==== DATASET EXCERPT

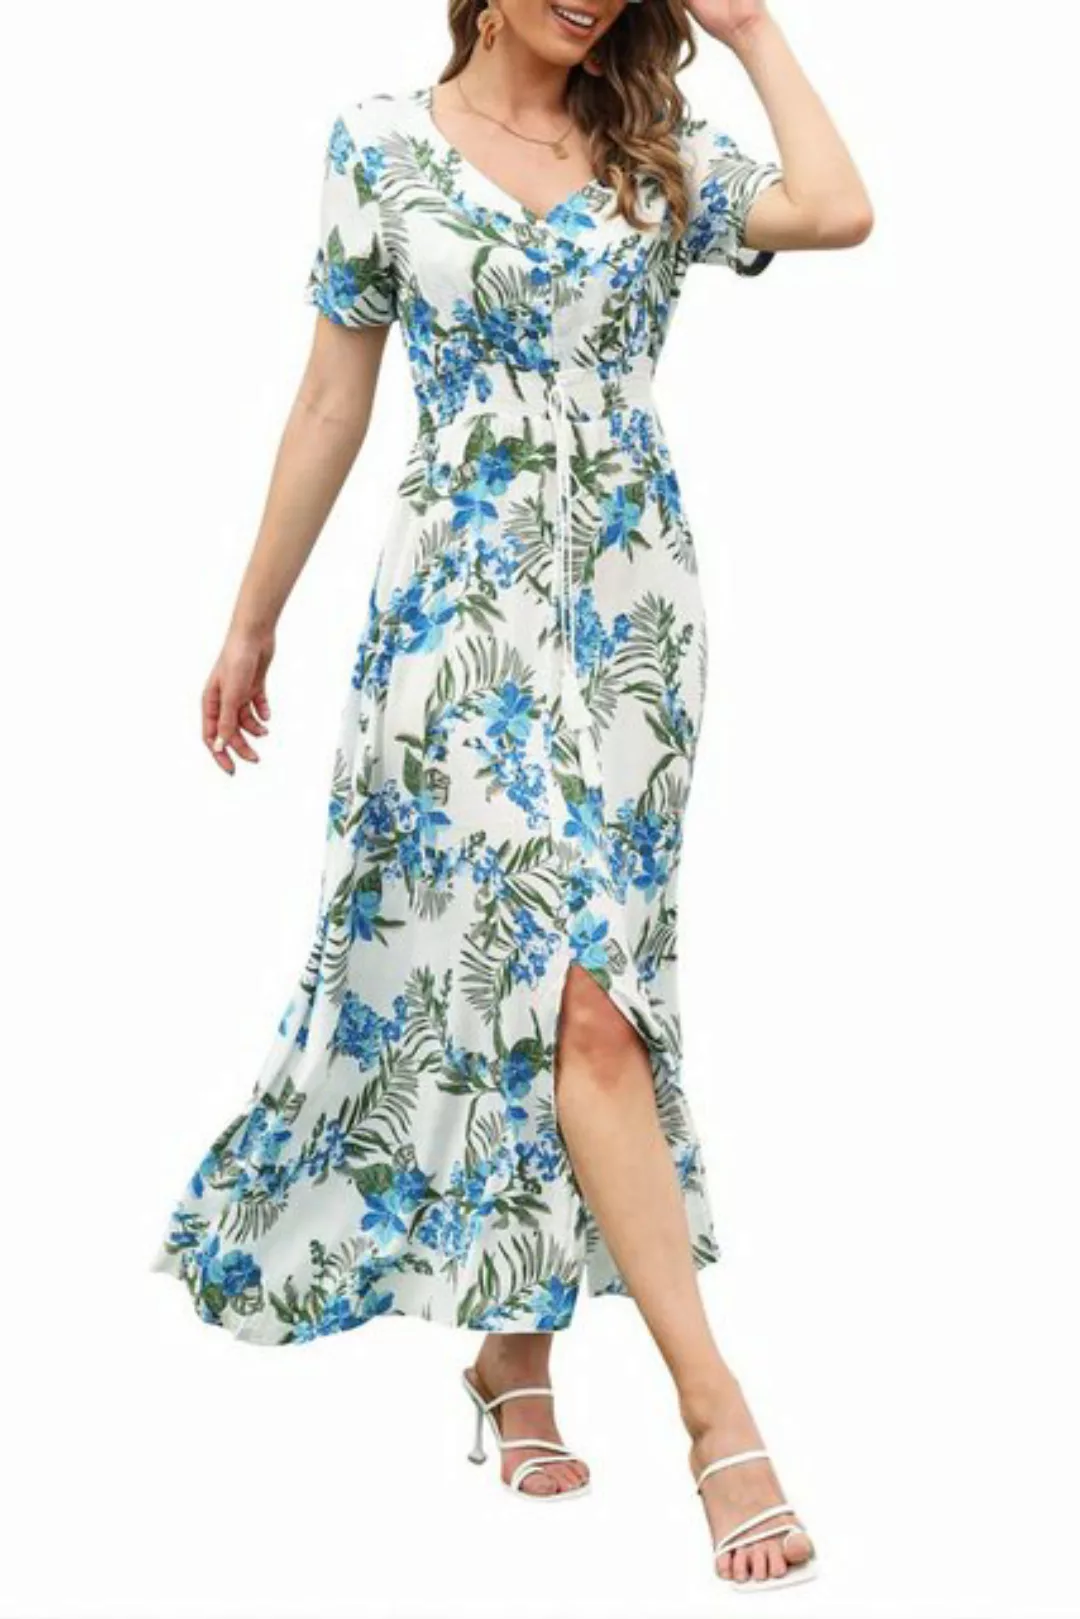 JDMGZSR Strandkleid Damen Sommerkleid Blumenmuster Druckkleid V-Ausschnitt günstig online kaufen
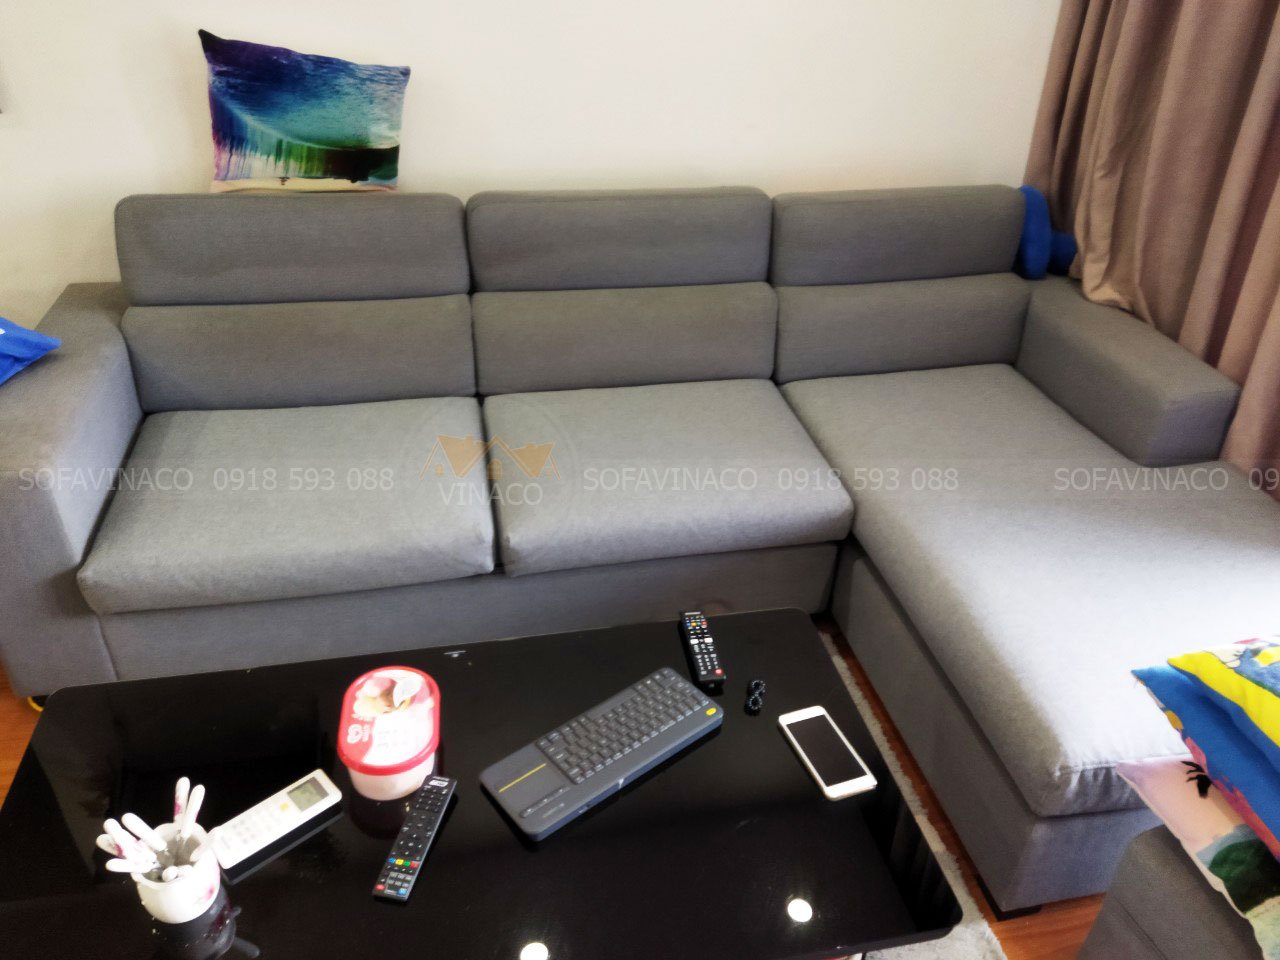 Chọn màu sắc của ghế sofa theo căn hộ của bạn
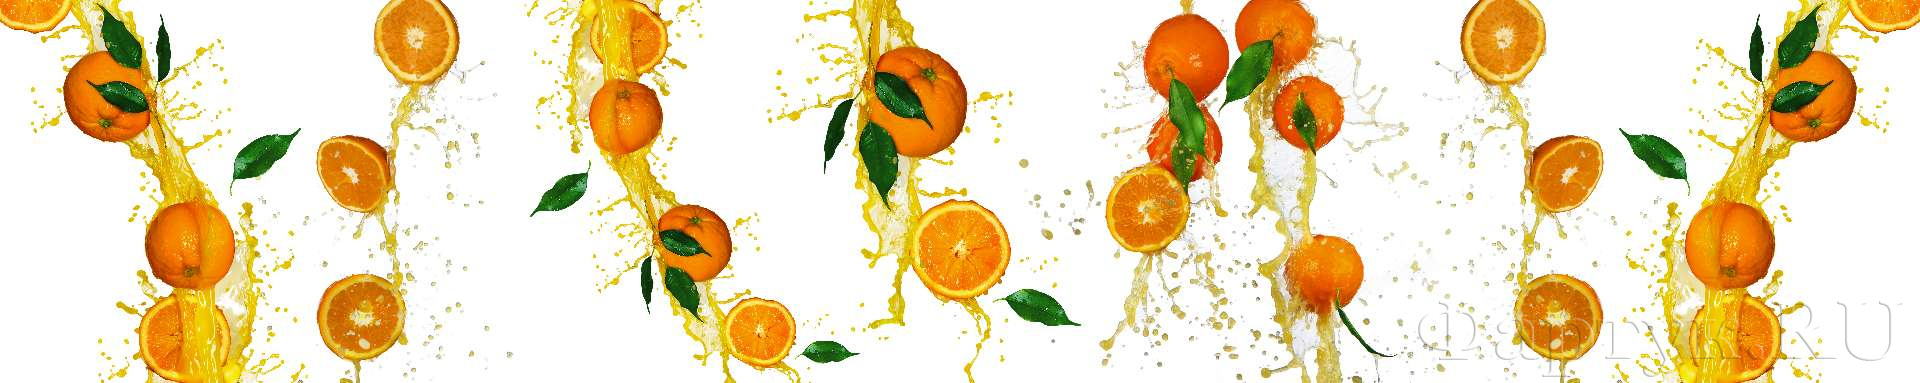 Апельсины, струи апельсинового сока

========

Give back the whole of the material exactly, with the pictures removed.

RESPONSE BELOW —
 JDMGZSR Strandkleid Damen Sommerkleid Blumenmuster Druckkleid V-Ausschnitt günstig online kaufen
 Chọn màu sắc của ghế sofa theo căn hộ của bạn
 Апельсины, струи апельсинового сока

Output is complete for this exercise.